Thermodynamic geometry of charged AdS black holes with a string cloud in Lorentz-violating Einstein-Kalb-Ramond gravity
We investigate the thermodynamic microstructure of electrically charged AdS black holes in Einstein-Kalb-Ramond bumblebee gravity in the presence of a spherically symmetric cloud of strings. Employing Weinhold and Ruppeiner thermodynamic geometries in complementary thermodynamic representations, we show that curvature singularities consistently track the spinodal boundaries and the second-order critical point associated with a Van der Waals-like small/large black-hole phase transition. Moreover, the sign structure of the Ruppeiner curvature provides a transparent characterization of the competing microscopic interactions across the coexisting phases. We find that the Lorentz-violating parameter $\ell$ and the string-cloud parameter $α$ shift the critical scales and rescale correlation measures while preserving the universality class of the critical behavior. We further comment on dynamical and holographic implications and contrast the thermodynamic sensitivity to $(\ell,α)$ with thin-disk optical signatures.
💡 Research Summary
The paper investigates the microscopic thermodynamic structure of electrically charged anti‑de Sitter (AdS) black holes in Einstein‑Kalb‑Ramond (EKR) bumblebee gravity with a spherically symmetric cloud of strings. Lorentz violation is encoded in a dimensionless parameter ℓ that rescales the metric coefficients, while the string cloud is described by a parameter α that introduces a solid‑angle deficit. The resulting lapse function f(r) contains ℓ‑ and α‑dependent modifications of the mass, charge, and cosmological terms, leading to a deformed horizon structure and an altered extremality condition.
In the extended phase‑space formalism the cosmological constant is identified with a thermodynamic pressure P, modified by ℓ as Λ=−8π(1−ℓ)P. The black‑hole mass M plays the role of enthalpy and can be expressed in terms of the horizon radius r₊, charge Q, pressure P, and the deformation parameters. Entropy follows the usual area law S=πr₊², while the thermodynamic volume V=4πr₊³/3 and Hawking temperature T contain three contributions: a solid‑angle term proportional to (1−α)/(1−ℓ), a Coulomb term dressed by (1−ℓ), and the usual AdS pressure term. From these quantities the Gibbs free energy, internal energy, and specific heat at constant pressure C_P are derived. C_P diverges along a spinodal curve that separates small‑ and large‑black‑hole branches; the locations of these divergences shift with ℓ and α.
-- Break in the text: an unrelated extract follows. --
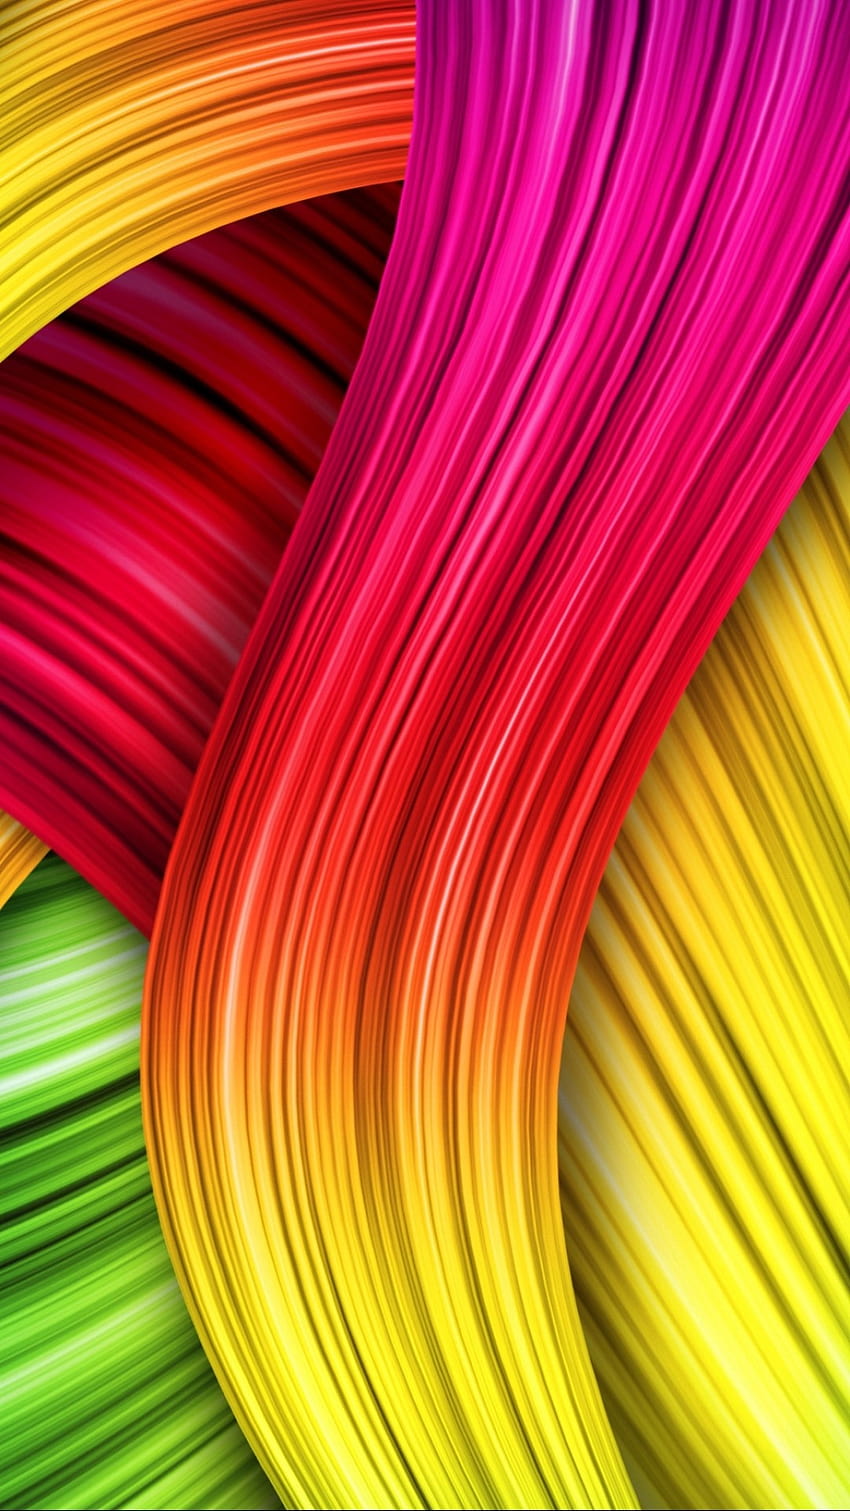 Colorful Abstract For Iphone New Mobile, mixed colorful HD phone wallpaper

The authors then construct Weinhold and Ruppeiner metrics on the two‑dimensional state space (S,Q). The Weinhold metric is the Hessian of the internal energy U, while the Ruppeiner metric is the negative Hessian of the entropy. Because the underlying thermodynamic potentials already contain ℓ and α, the resulting scalar curvatures R_W and R_R are explicit functions of these parameters. Detailed calculations reveal that the curvature singularities of both metrics coincide precisely with the divergences of C_P, i.e., the spinodal boundaries and the second‑order critical point. This confirms that geometric singularities faithfully track standard thermodynamic criticality.
A key result concerns the sign of the Ruppeiner curvature. In the small‑black‑hole region R_R>0, indicating effectively repulsive (Fermi‑like) microscopic interactions. In the large‑black‑hole region R_R<0, signifying attractive Van der Waals‑type interactions. The transition region exhibits a rapid change of sign, and the magnitude of R_R can be tuned continuously by varying ℓ and α, providing a “knob’’ for controlling microscopic correlation strength. Near the critical point the curvature scales as |t|^{−2} (t being the reduced temperature), matching the mean‑field critical exponent and demonstrating that the universality class remains unchanged despite the deformations.
The paper also links the thermodynamic geometry to a topological classification based on φ‑mapping and winding numbers. The curvature singularities map onto topological defects that separate regions with different winding numbers, while the total topological charge W=1 stays invariant under variations of (ℓ,α). This reinforces the robustness of the phase‑structure under the considered deformations.
Finally, the authors discuss possible dynamical implications. They suggest that quasi‑normal mode spectra and relaxation times, previously studied in Lorentz‑violating and string‑cloud backgrounds, may correlate with the landscape of R_R, offering a route to connect microscopic thermodynamic correlations with observable ringdown signatures in AdS spacetimes. The study concludes that the Lorentz‑violating parameter ℓ and the string‑cloud parameter α act as controllable knobs that shift critical scales and rescale correlation measures without altering the underlying mean‑field universality, thereby enriching our understanding of black‑hole microphysics in modified gravity settings.